Vous la franchissez courbé en deux ; vous vous redressez, et alors, si jusqu’ici vous n’aviez rien vu, vous voyez maintenant quelque chose. Il ne suffit pas de voir, il faut croire aussi. Ce qui s’offre aux regards est incroyable. Ce ghetto est une montagne de maisons, une vraie montagne avec ses crêtes, ses cols, ses ravins, une petite montagne mal fichue, hargneuse, sans un centimètre carré de terre : toute couverte de maisons, toute ! Pour atteindre le rez-de-chaussée de la deuxième bicoque, il faut passer par le toit de la première. Du toit de la seconde, vous voici de plain-pied dans la troisième. Ainsi pour chacune. Où sont les rues ? Au fait, où sont-elles ? Pas de rues ! Pourtant, je marche et je ne marche pas toujours sur les toits ! Non ! Mais je grimpe des escaliers, j’emprunte un couloir, je me perds dans des labyrinthes. Croyant déboucher sur une place, je me trouve dans une chambre à coucher. Un Juif de grande taille, étendu sur le seuil de sa maison, aurait la tête chez lui, les pieds chez le voisin… un voisin à qui il voudrait du mal, un bras ailleurs et l’autre dans la synagogue ! Trois synagogues communiquant entre elles couronnent le fol État. Le soleil n’a rien de plus extravagant à chauffer sur toute la surface de la terre !
Là vivent mille Hébreux.
Non de ceux qui déployèrent le drapeau au mur des Lamentations ; non mille gaillards de Tel-Aviv ; non plus ces colons durs et décidés de la plaine de Jesraël. Mille Hébreux qui n’étaient point venus en Palestine dans un bateau, mais dans un berceau, mille Juifs éternels. Une famille, une seule, était arrivée récemment de Lithuanie pour vivre en sainteté et non en conquérante sur la terre des ancêtres. Tragique famille !

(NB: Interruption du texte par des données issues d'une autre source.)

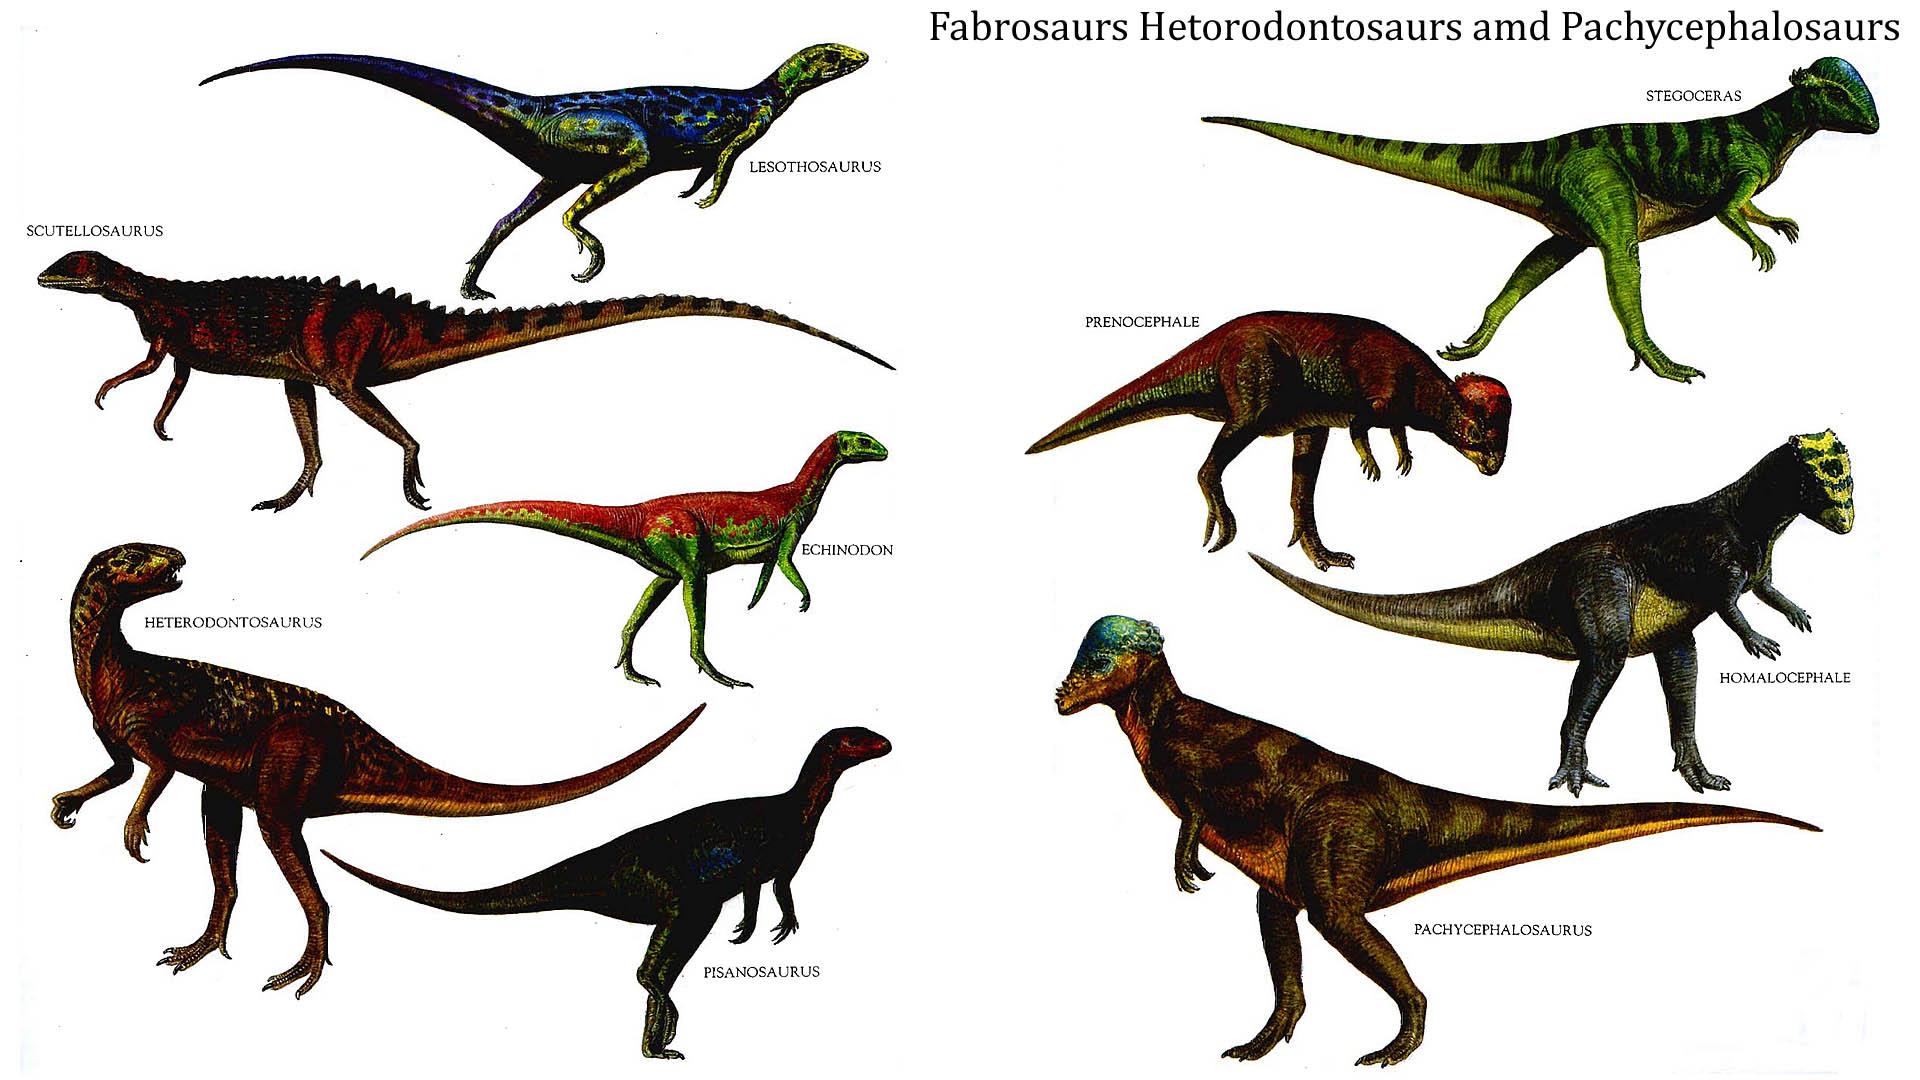 Fabrosaurs Hetorodontosaurs And Pachycephalosaurs

Amis des Arabes ? Presque. En tous cas, point ennemis. Se connaissant tous, même par leurs noms, se saluant depuis dix ans, depuis toujours. L’Hébron juif était célèbre, non par ses sentiments nationaux, mais par son école talmudique.

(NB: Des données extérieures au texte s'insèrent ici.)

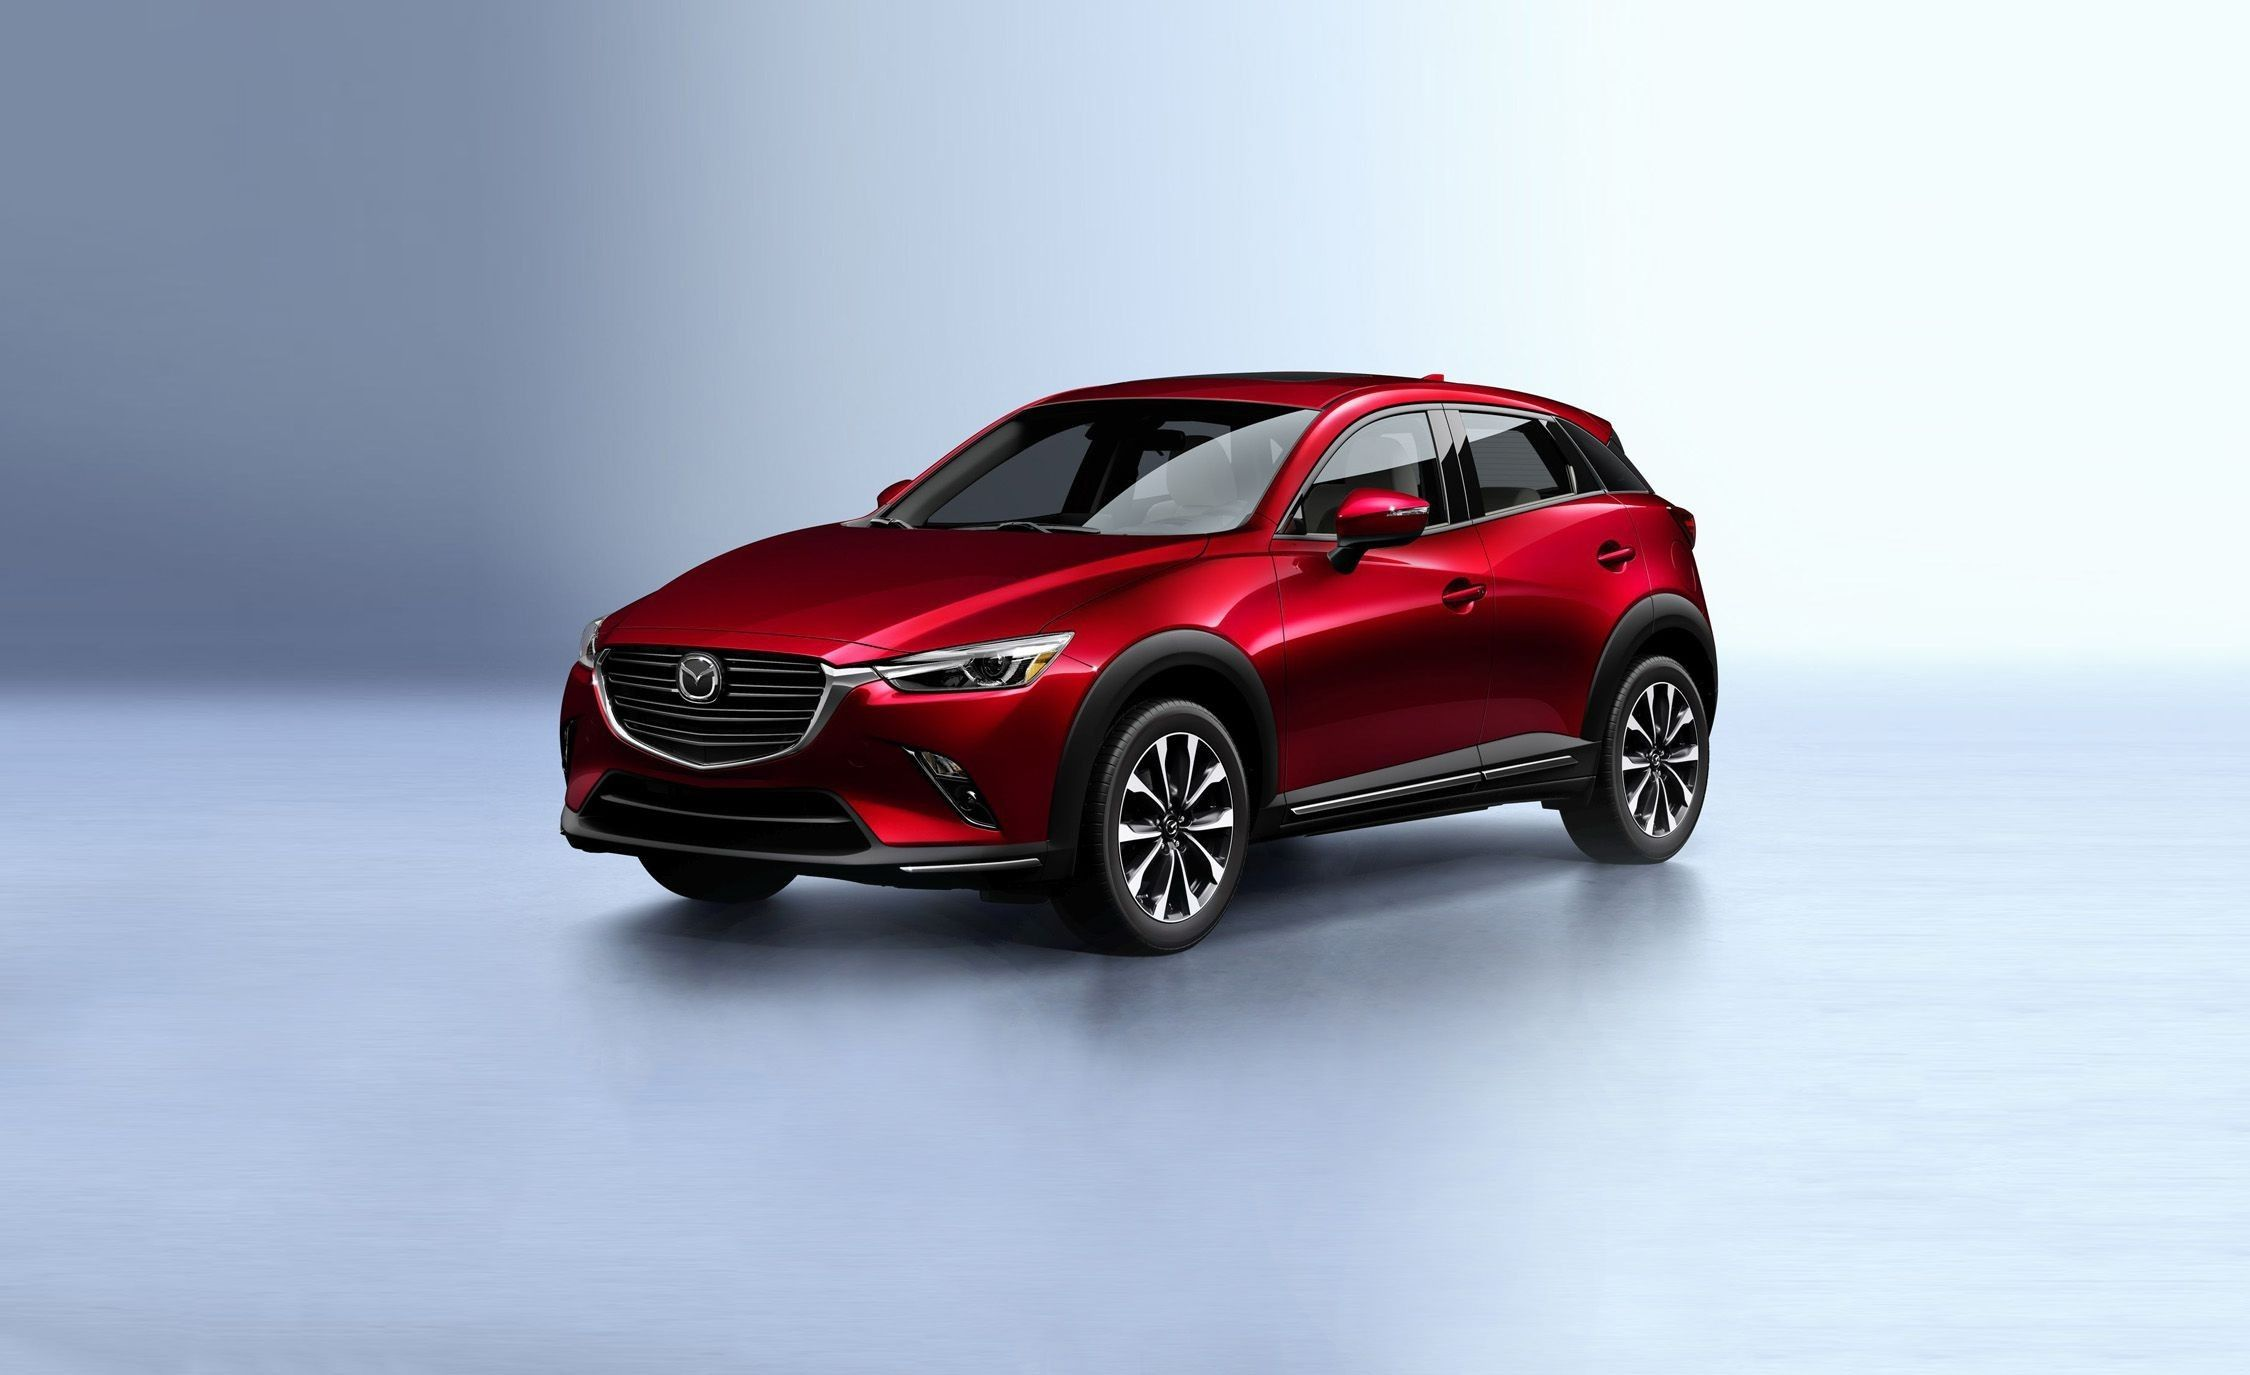 2019 Mazda Cx 3 Mpg First Drive

Or les Arabes n’attaquèrent pas Tel-Aviv, mais Hébron… mais Safed. Je n’ignore pas que Ragheb bey El Nashashibi, franc comme l’épée, s’excuse en disant : « À la guerre comme à la guerre. On ne tue pas ce qu’on veut, mais ce qu’on trouve. La prochaine fois, tous y passeront, jeunes comme vieux. » Nous faisons expressément remarquer à Ragheb bey que nous ne le mettons pas au défi de tenir sa parole. Il en serait fort capable. Mais l’avenir, aujourd’hui, n’est pas notre affaire.
Le 23 août, le jour du grand mufti, deux étudiants talmudistes sont égorgés. Ils ne faisaient pas de discours politiques, ils cherchaient le Sinaï du regard, dans l’espoir d’y découvrir l’ombre de Dieu !
Le lendemain, dès le matin, des Arabes marquent leur inquiétude sur le sort des Juifs. Tous les Arabes ne font pas partie des fanatiques. La virginité d’esprit n’est heureusement pas générale en terre d’Islam.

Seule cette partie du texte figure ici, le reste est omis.